Start of Block

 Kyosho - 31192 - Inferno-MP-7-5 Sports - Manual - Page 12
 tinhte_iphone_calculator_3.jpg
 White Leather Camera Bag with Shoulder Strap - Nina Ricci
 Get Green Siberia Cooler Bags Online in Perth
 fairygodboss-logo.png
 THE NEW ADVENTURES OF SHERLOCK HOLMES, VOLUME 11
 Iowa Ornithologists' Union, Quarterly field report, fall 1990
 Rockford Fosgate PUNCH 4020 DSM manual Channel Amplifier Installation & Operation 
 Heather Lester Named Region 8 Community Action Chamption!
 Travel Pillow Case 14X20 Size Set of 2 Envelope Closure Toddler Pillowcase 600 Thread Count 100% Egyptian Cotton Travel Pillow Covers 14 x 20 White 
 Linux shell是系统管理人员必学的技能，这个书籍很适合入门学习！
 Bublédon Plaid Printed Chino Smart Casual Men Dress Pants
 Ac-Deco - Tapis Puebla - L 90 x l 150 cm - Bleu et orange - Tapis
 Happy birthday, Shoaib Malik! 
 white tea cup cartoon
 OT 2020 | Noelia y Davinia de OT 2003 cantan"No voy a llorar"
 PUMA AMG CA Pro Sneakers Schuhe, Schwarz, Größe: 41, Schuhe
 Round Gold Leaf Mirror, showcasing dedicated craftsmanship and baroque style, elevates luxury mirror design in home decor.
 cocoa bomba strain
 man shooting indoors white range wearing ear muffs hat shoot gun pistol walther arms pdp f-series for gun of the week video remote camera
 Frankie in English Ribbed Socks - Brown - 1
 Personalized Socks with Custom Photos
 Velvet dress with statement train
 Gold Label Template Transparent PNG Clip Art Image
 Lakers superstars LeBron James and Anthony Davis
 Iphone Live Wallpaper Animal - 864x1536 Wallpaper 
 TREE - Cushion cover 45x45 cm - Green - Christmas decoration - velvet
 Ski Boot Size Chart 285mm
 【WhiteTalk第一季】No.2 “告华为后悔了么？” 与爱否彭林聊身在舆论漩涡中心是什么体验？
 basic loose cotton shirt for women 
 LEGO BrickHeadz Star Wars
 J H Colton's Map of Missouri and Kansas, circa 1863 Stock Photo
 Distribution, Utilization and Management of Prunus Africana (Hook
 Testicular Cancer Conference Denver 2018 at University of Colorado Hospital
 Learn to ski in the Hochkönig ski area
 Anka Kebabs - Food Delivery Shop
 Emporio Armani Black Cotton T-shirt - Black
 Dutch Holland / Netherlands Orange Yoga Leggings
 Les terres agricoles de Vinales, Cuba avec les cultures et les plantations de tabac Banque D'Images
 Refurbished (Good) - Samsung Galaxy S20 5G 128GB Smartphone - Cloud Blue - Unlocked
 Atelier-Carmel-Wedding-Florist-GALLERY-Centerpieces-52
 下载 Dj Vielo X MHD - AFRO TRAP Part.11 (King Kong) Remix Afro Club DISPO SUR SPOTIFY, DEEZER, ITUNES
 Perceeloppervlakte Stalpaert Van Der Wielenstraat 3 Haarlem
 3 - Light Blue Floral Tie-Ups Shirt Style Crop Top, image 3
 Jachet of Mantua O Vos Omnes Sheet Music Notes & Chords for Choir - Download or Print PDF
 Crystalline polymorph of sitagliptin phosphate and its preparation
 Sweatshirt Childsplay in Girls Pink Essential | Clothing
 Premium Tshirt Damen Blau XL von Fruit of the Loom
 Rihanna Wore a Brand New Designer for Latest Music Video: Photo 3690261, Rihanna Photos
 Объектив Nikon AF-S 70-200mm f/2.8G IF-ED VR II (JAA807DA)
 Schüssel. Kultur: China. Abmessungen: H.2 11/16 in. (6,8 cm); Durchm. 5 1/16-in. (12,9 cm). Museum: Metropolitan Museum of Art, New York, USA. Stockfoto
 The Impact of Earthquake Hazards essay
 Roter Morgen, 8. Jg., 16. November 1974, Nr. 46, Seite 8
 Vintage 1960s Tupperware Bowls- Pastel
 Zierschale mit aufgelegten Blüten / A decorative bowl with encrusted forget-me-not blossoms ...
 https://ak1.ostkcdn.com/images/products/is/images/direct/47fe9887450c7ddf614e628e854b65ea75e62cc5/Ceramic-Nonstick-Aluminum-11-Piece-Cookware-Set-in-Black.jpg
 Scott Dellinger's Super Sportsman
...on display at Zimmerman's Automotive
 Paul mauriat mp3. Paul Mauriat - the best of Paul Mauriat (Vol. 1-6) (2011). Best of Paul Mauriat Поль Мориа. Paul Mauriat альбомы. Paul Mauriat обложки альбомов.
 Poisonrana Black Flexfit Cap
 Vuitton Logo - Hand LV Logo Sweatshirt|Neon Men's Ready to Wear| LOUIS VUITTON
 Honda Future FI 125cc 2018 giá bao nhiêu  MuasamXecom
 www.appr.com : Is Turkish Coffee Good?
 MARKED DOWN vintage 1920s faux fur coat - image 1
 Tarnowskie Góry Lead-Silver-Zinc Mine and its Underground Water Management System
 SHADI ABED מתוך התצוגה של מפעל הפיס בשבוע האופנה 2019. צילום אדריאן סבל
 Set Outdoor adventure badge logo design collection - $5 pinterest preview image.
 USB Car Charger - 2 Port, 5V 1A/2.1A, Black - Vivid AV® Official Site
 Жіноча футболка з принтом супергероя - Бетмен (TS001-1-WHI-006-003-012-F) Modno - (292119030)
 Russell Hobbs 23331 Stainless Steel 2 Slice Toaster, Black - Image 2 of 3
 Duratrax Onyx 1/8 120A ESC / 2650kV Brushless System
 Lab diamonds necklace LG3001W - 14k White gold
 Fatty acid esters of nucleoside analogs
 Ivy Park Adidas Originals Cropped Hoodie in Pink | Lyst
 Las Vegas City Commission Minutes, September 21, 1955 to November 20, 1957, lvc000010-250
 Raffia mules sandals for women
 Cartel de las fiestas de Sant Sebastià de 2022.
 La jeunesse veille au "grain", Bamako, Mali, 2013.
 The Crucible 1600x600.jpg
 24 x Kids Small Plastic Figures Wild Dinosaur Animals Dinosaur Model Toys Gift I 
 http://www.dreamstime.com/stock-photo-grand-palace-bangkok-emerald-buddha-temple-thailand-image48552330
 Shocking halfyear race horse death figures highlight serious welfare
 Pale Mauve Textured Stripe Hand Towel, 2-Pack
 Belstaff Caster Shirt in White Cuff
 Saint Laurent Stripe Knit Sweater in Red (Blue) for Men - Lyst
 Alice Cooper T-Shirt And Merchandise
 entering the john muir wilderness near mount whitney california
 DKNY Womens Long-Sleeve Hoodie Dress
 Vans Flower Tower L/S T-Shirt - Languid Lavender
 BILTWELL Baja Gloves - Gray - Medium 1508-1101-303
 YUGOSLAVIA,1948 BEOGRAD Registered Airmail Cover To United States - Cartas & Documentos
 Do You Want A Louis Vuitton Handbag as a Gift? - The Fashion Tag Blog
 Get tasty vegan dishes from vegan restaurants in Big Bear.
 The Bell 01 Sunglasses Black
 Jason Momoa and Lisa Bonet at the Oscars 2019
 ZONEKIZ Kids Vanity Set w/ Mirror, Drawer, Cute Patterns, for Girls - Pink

End of Block

• [WHAT YOU NEED TO DO]
Please give back, exactly as it stands above, the stretch from the line with "24 x Kids Small" through the line with "Shocking halfyear race", and no line outside it.

• [TASK RESULT]
 24 x Kids Small Plastic Figures Wild Dinosaur Animals Dinosaur Model Toys Gift I 
 http://www.dreamstime.com/stock-photo-grand-palace-bangkok-emerald-buddha-temple-thailand-image48552330
 Shocking halfyear race horse death figures highlight serious welfare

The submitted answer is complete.